Let a, b and c be in G.P. with common ratio r, where $$a \neq 0$$ and $$0 \lt r \leq \frac{1}{2}$$. If 3a, 7b and 15c are the first three terms of an A.P., then the 4$$^{th}$$ term of this A.P. is:

We have that $$a,\;b,\;c$$ are in geometric progression with common ratio $$r$$, so by definition of a G.P.

$$b = ar \quad \text{and} \quad c = ar^{2}.$$

The extra information $$0 \lt r \le \dfrac12$$ will be used later to select the admissible value of $$r$$.

Now the numbers $$3a,\;7b,\;15c$$ form an arithmetic progression. For any A.P. the common difference is the same between every pair of consecutive terms, i.e.
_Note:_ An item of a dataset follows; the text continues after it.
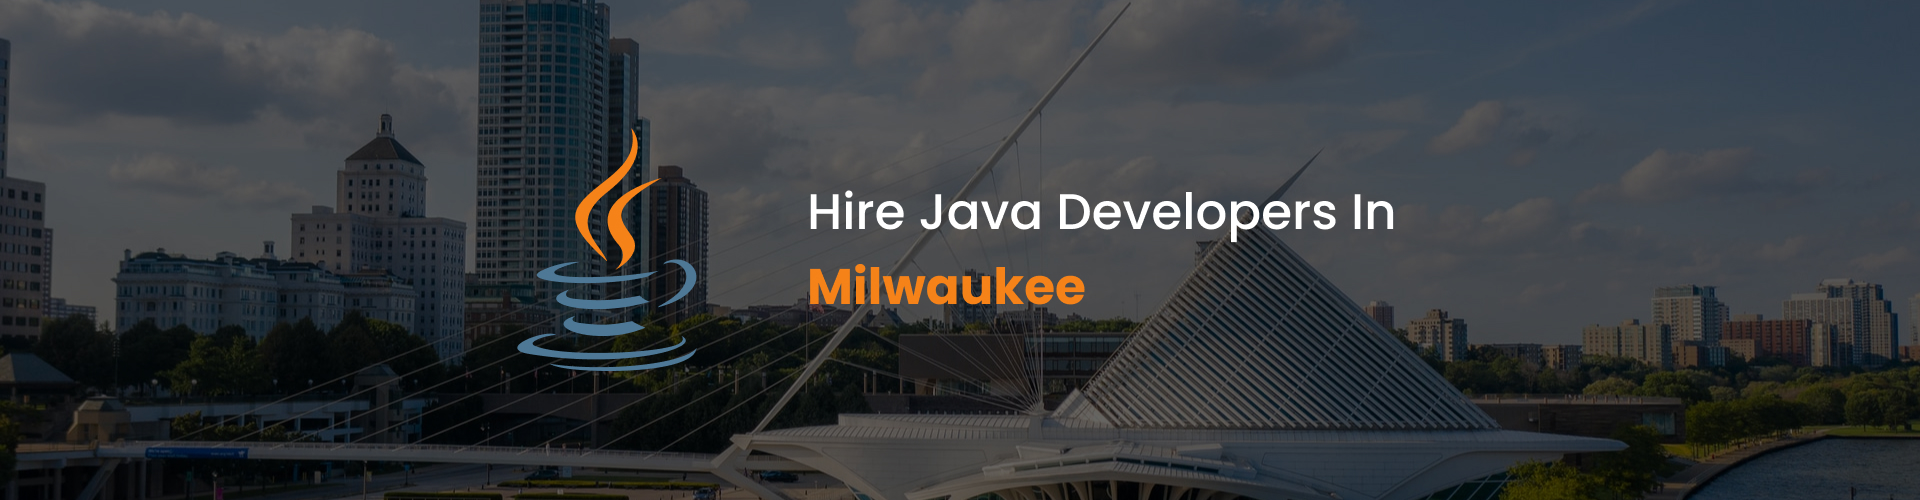 hire java developers in milwaukee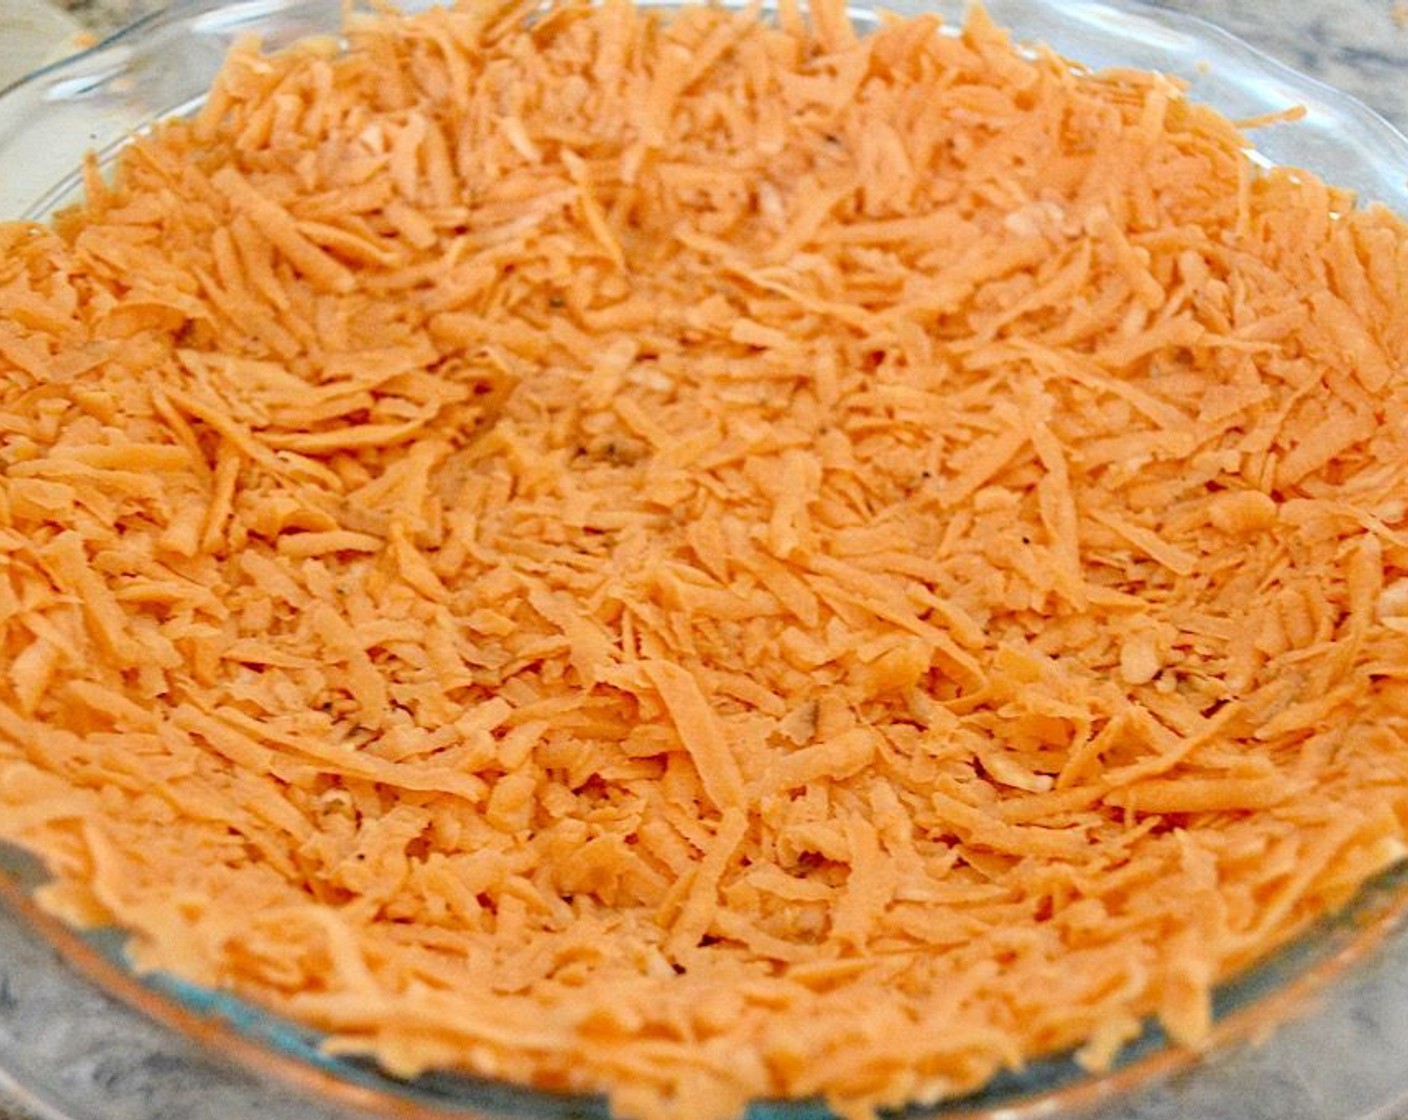 step 2 Toss the Sweet Potatoes (5) with Salt (1 pinch), Ground Black Pepper (1 pinch), and McCormick® Garlic Powder (1 pinch). Press it into the greased pan firmly, including up the sides, to form a crust.

$$\bigl(7b-3a\bigr) = \bigl(15c-7b\bigr).$$

Substituting $$b = ar$$ and $$c = ar^{2}$$ gives

$$7(ar) - 3a \;=\; 15(ar^{2}) - 7(ar).$$

Because $$a \neq 0$$ we can divide the entire equation by $$a$$ without changing the equality:

$$7r - 3 \;=\; 15r^{2} - 7r.$$

Bringing every term to the right produces the quadratic equation

$$15r^{2} - 7r - 7r + 3 = 0 \quad\Longrightarrow\quad 15r^{2} - 14r + 3 = 0.$$

We solve this quadratic using the formula $$r = \dfrac{-B \pm \sqrt{B^{2} - 4AC}}{2A}$$ for $$Ax^{2}+Bx+C=0$$. Here $$A = 15,\;B = -14,\;C = 3$$, so

$$r = \dfrac{14 \pm \sqrt{(-14)^{2} - 4 \cdot 15 \cdot 3}}{2 \cdot 15} = \dfrac{14 \pm \sqrt{196 - 180}}{30} = \dfrac{14 \pm \sqrt{16}}{30} = \dfrac{14 \pm 4}{30}.$$

This yields two possible roots:

$$r_{1} = \dfrac{14 + 4}{30} = \dfrac{18}{30} = \dfrac35 \quad\text{and}\quad r_{2} = \dfrac{14 - 4}{30} = \dfrac{10}{30} = \dfrac13.$$

Because we are told $$0 \lt r \le \dfrac12$$, the value $$r = \dfrac35$$ (which equals 0.6) is inadmissible. Hence we must take

$$r = \dfrac13.$$

Substituting this value back, the G.P. terms become

$$b = a\left(\dfrac13\right) = \dfrac{a}{3}, \qquad c = a\left(\dfrac13\right)^{2} = \dfrac{a}{9}.$$

The corresponding A.P. terms are therefore

$$T_{1} = 3a, \qquad T_{2} = 7b = 7\left(\dfrac{a}{3}\right) = \dfrac{7a}{3}, \qquad T_{3} = 15c = 15\left(\dfrac{a}{9}\right) = \dfrac{5a}{3}.$$

The common difference $$d$$ of the A.P. is

$$d = T_{2} - T_{1} = \dfrac{7a}{3} - 3a = \dfrac{7a - 9a}{3} = -\dfrac{2a}{3}.$$

Alternatively, $$d = T_{3} - T_{2} = \dfrac{5a}{3} - \dfrac{7a}{3} = -\dfrac{2a}{3},$$ confirming the same value.

The fourth term of an A.P. is given by $$T_{4} = T_{3} + d$$. Substituting the values just obtained:

$$T_{4} = \dfrac{5a}{3} + \left(-\dfrac{2a}{3}\right) = \dfrac{5a - 2a}{3} = \dfrac{3a}{3} = a.$$

Hence, the correct answer is Option A.